Ways to help your children cope with our new reality and keep the lines of communication open include:
- Be curious about who your children are. If you talk with them, they’ll find it’s easier to talk with you. When your kids say something about how they’re feeling, listen and take it seriously.
- Get them on a structured schedule that includes engaging in physical activities and leisure pursuits within moderation.
- Watch for significant behavioral changes, such as increased isolation, sleeping problems, changes in appetite, irritability, loss of interest in things they genuinely used to enjoy and now no longer gain pleasure from.
- Take care of yourself and ask for help if needed. Children look to adults as behavioral models and if they see their parents struggling, not asking for help, that’s the lesson they take away.
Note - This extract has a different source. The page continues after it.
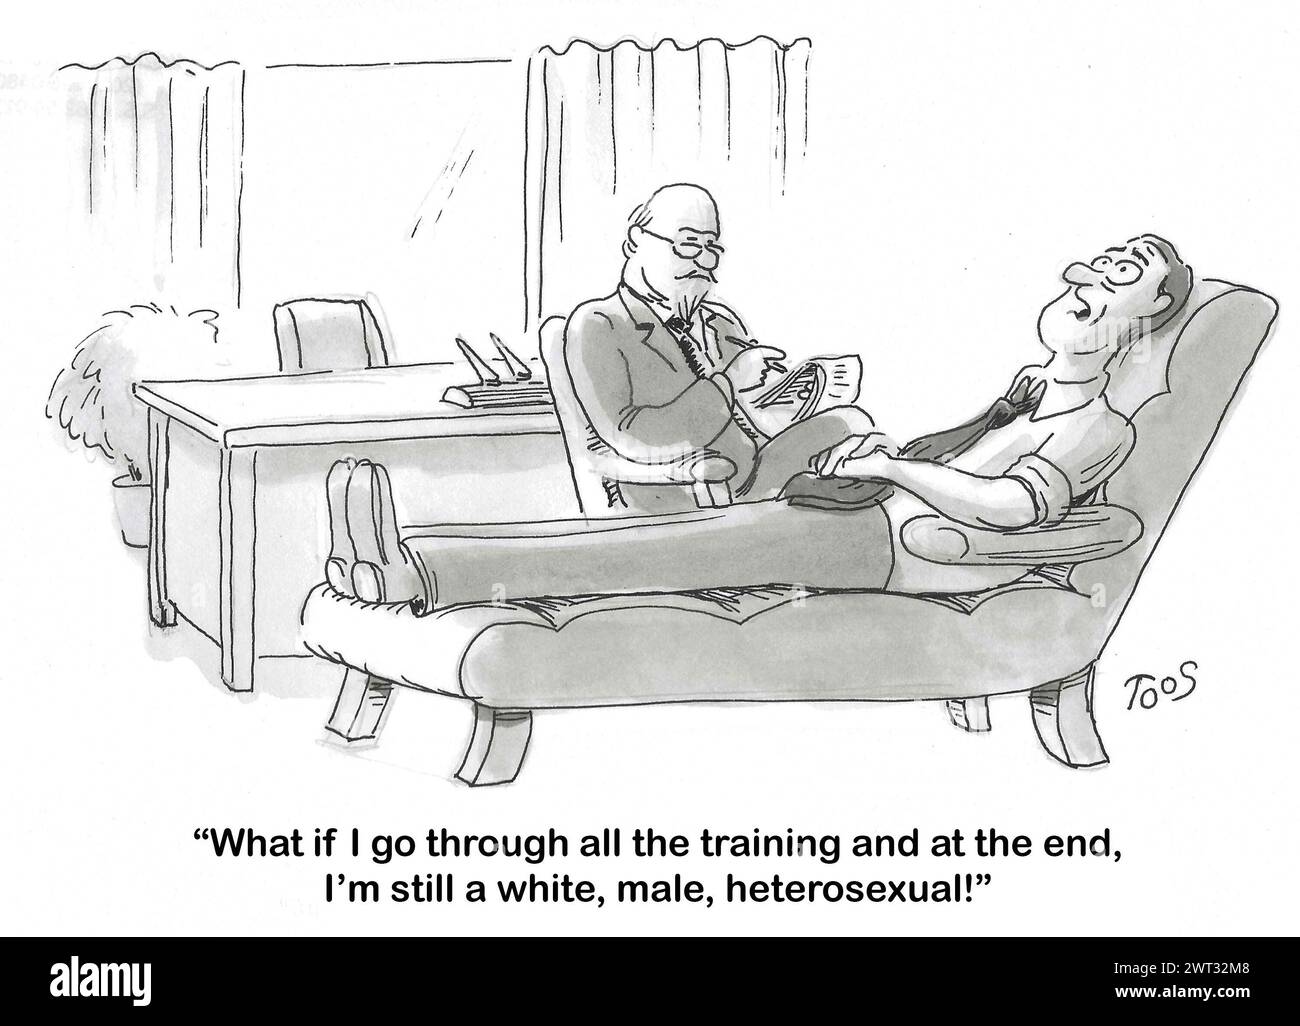 Bande dessinée BW d'un homme parlant à son psychiatre, il s'inquiète d'être blanc, masculin, hétérosexuel. Banque D'Images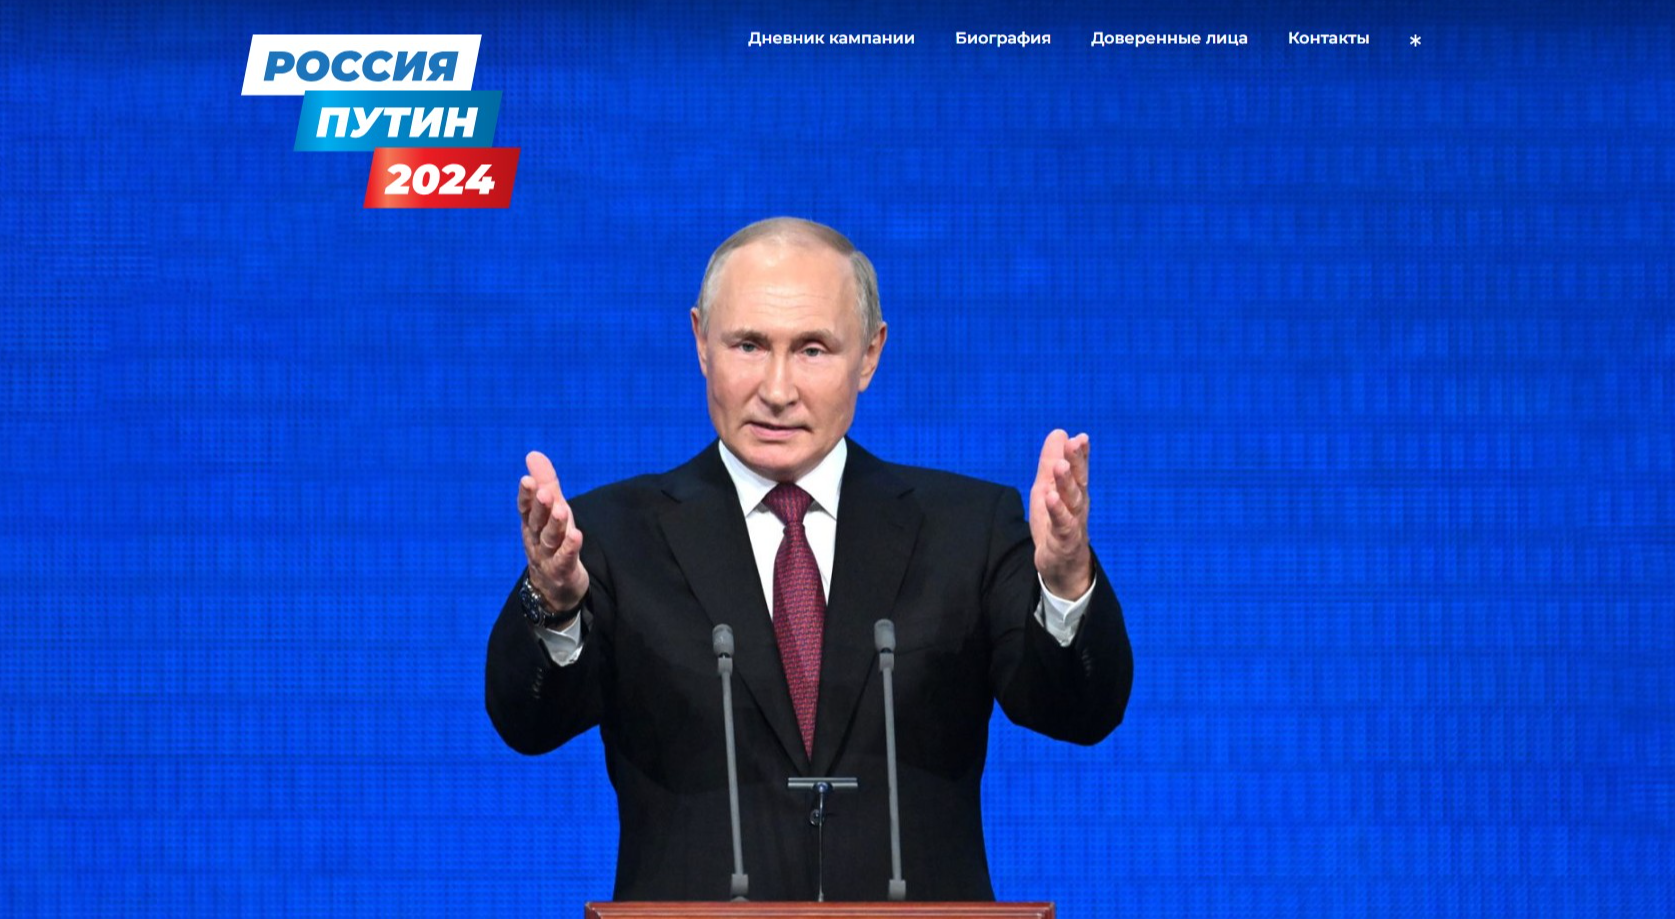 Российские IT-специалисты создали сайт кандидата на должность Президента РФ Владимира Путина

If you are seeing significant behavioral changes, seek an appointment with a trained therapist or a psychiatrist, Handler advises. “Prevention and surveillance are key. If it turns out there is an issue, you’ll be thankful you caught it.”
For kids who may be hesitant to meet with a therapist, let them know that a single appointment isn’t a commitment to longer term treatment, but rather a way to make sure that they’re getting their needs met.
‘Have a little hope’
Children and adolescents are facing a multitude of challenges as they try to get back to a semblance of normal life, but Handler believes returning to school and regular activities is best.
However, if there are real and serious safety concerns related to the pandemic, families should make choices that make sense based on their values and risk tolerance. For those who choose online instruction in the near term, it is still a good idea to think about when it would be appropriate to re-integrate children to in-person learning.
“Fear is the only thing that shrinks as you get closer to it,” he says. “Kids can overcome so much hardship. Stable footing, support and encouragement can make it that much easier for them to succeed. Let’s all have a little hope.”